Во главе стола сидел, естественно, сам государь, имея по правую руку действующего командира полка в лице Бежецкого, а по левую – самого старого из прежних, Сергея Витальевича Победоносцева. Вокруг основной троицы и напротив ее сели остальные старые командиры вперемешку со штаб-офицерами и ротмистрами полка. Специально никто никого не рассаживал: каждый сам садился так, как ему было удобно, и поэтому в процессе размещения за столом то и дело вспыхивали шутливые ссоры, придававшие обеду характер так любимой императором демократичности и непринужденности.

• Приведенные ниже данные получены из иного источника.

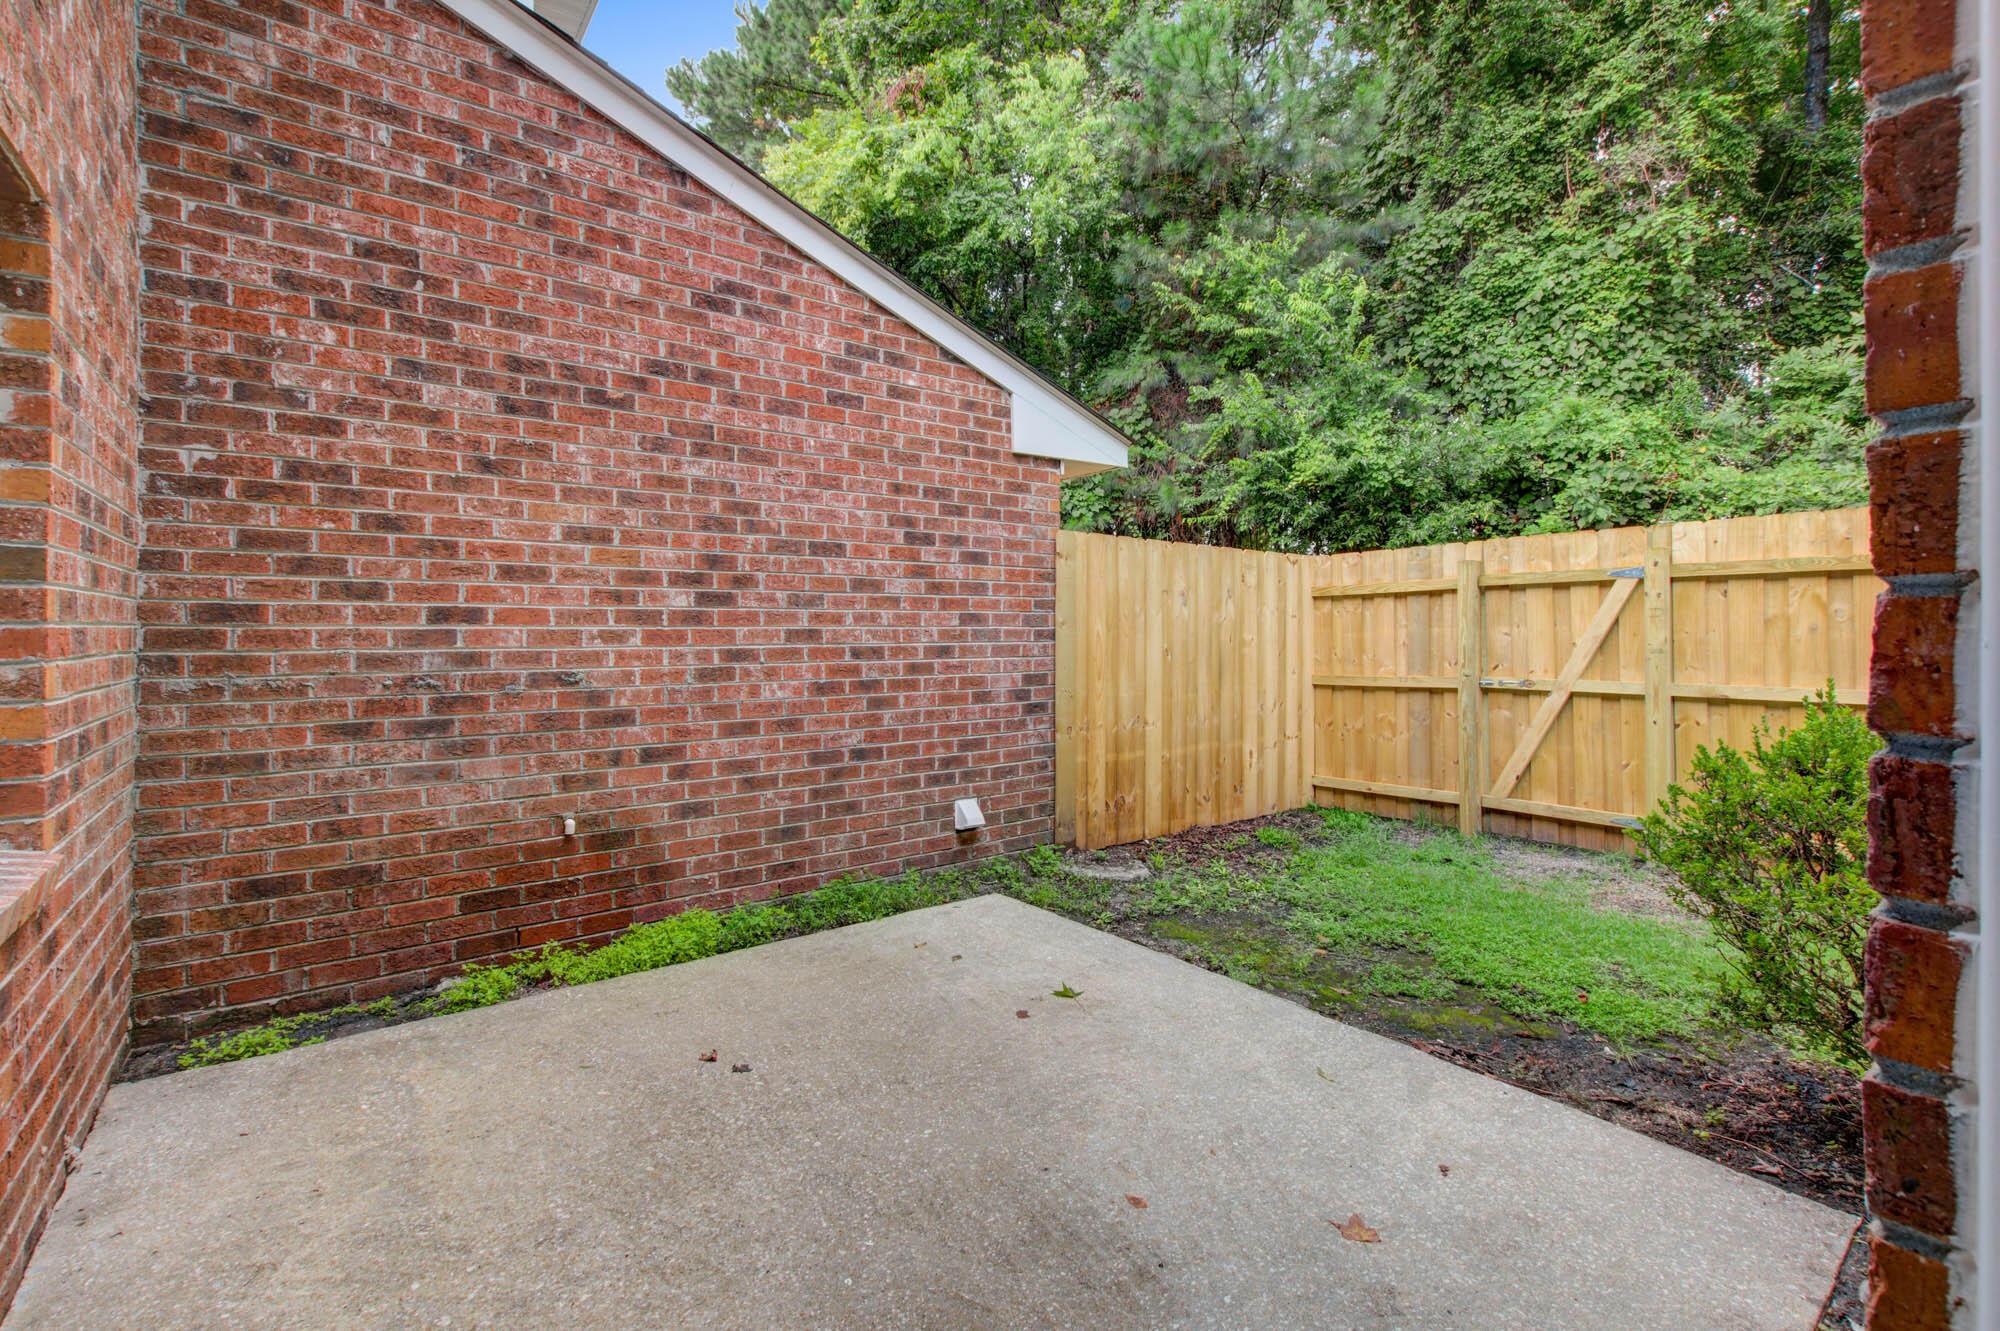 Wando East Homes For Sale - 1526 Nantahala, Mount Pleasant, SC - 17

Еще больше непринужденности обеду придавало то обстоятельство, что его величество охотно беседовал со всеми окружавшими его, причем человек несведущий никогда не принял бы его за властелина супердержавы, настолько он был в такие далекие от официальности часы любезен и обходителен со своими подданными, которыми все здесь без исключения являлись. Более всего, кажется, раскрепощало Николая Александровича отсутствие вездесущих представителей иностранных держав и еще более несносных «рыцарей пера и объектива», сиречь журналистов всех мастей, которым вход на подобные мероприятия был строго заказан.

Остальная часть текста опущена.